Students were seen on video leaving the school with their hands in the air, escorted by authorities. In the same video, several people were seen being loaded onto gurneys and into ambulances.
Saugus High School student Mason Peters described how his teacher and classmates jumped into action to lock down their classroom after hearing gunfire.
“All of a sudden, we hear this distinctive sound outside so my teacher quickly sprang to his feet, got up, locked the door, asking the students to get the keys,” he told CBS Los Angeles. “Then we turned off all the lights ... and reinforced the doors and we all just stayed hidden.”
Saugus High School serves about 2,500 students in grades nine through 12. Authorities set up a reunification point for parents and students at Central Park in Santa Clarita, roughly one mile away from the high school.
“It’s one of my worst nightmares as sheriff,” Villanueva said. “We all embrace our kids in the morning and send them off to school ... but you never know what someone is plotting.”
But violent school threats are not unusual in Santa Clarita, where six Hart School District students were arrested in September for making threatening remarks.
Anthony Breznican, a Vanity Fair reporter who lives in the city, said there are “new threats all the time” and it “happens so frequently, most parents stopped noticing.” The area fosters a “pervasive and reckless” gun culture, Breznican wrote on Twitter, pointing to a police raid last year that turned up 553 guns from a single home in the nearby town of Agua Dulce.
Last year, Saugus students participated in a nationwide walkout to protest gun violence following the mass shooting at Marjory Stoneman Douglas High School in Parkland, Florida, that left 17 people dead.
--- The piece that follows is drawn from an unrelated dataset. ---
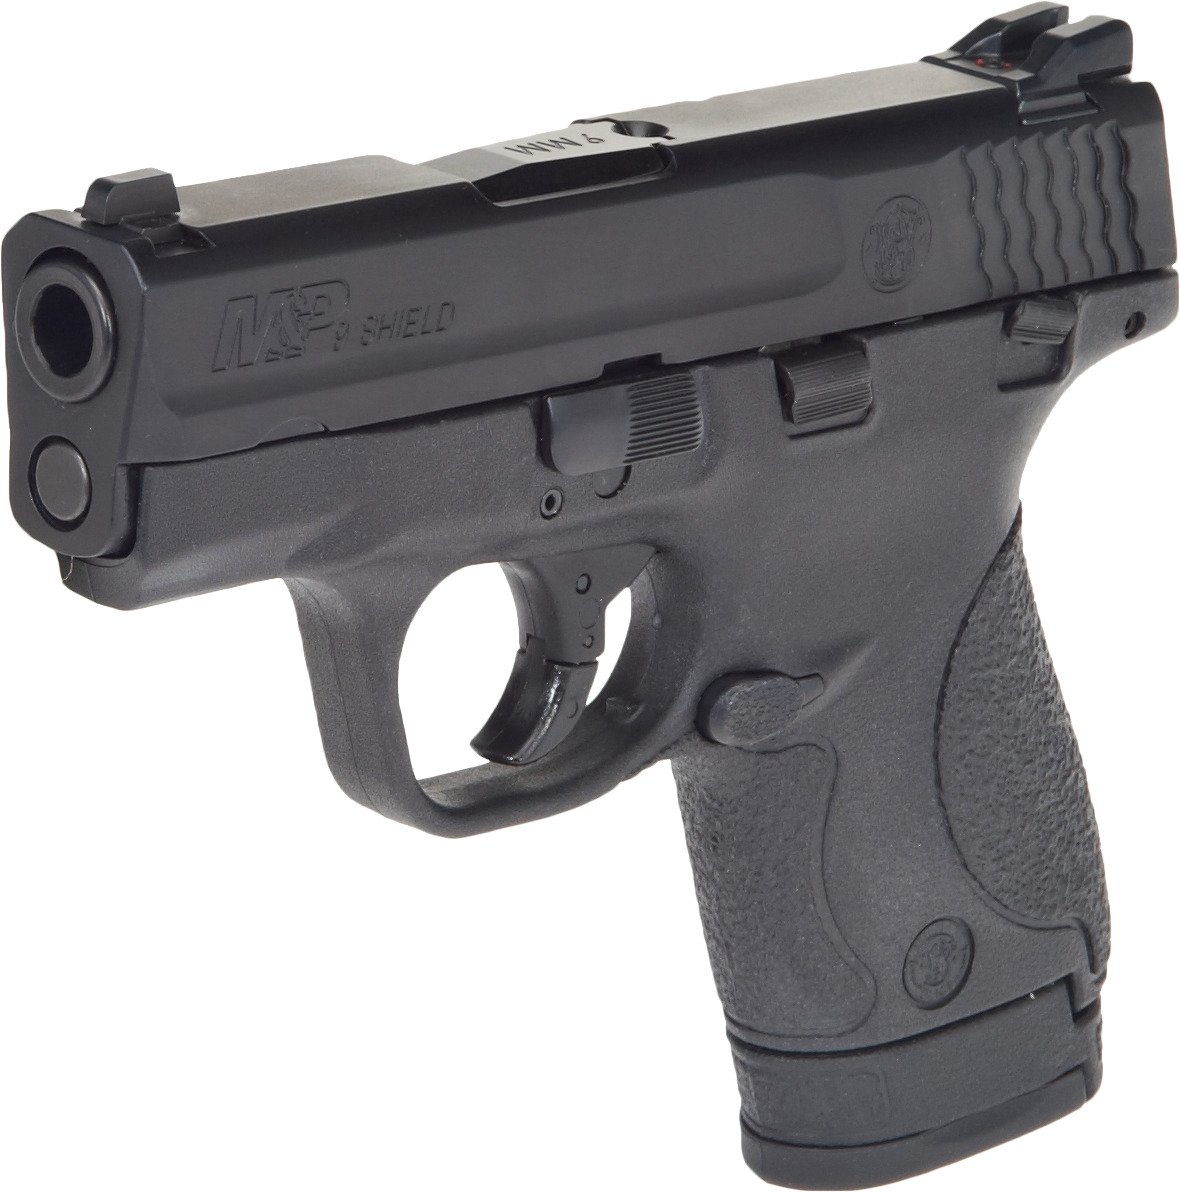 Smith Wesson M P9 Shield 9mm Compact 8 Round Pistol Academy

Weeks later, Saugus students hosted a town hall to demand that elected officials pass stricter gun legislation.
“I’m so sick and tired of seeing students die because politicians and people in positions of power won’t do anything,” Saugus High School sophomore Olivia Hurst told a local radio station at the time.
Former Rep. Gabrielle Giffords, herself a victim of gun violence, said in a statement that new legislation that would strengthen the background check system needs to be passed immediately.
“It’s been 260 days since the House of Representatives passed the Bipartisan Background Checks Act,” Giffords said. “How many more deaths will happen before they sign that lifesaving legislation into law?”
Former Rep. Katie Hill, a graduate of Saugus High School, was reportedly in her backyard in the Saugus neighborhood of Santa Clarita when she saw helicopters overhead.
“I’m absolutely horrified that it’s happening at my school,” she told the Los Angeles Times.
“This gun violence epidemic is not beyond our control,” Giffords said. “We can take action to change this fate so horrific acts of violence don’t dominate our lives.”
Eight hours after the shooting, President Donald Trump issued a public statement about it on Twitter.
“We continue to monitor the terrible events at Saugus High School ... through our ongoing communications with Local, State, and Federal authorities,” he wrote. “We send our deepest condolences to the families and friends of those tragically lost, and we pray for the speedy recovery of the wounded.”
This article has been updated with details from a Friday news conference.
This article and headline have been updated to reflect changes in the number of injured, based on later information released by the Los Angeles County Sheriff’s Department after publication. Initial reports that six had been injured were later revised.
Andy Campbell, Sara Boboltz and Ja’han Jones contributed reporting.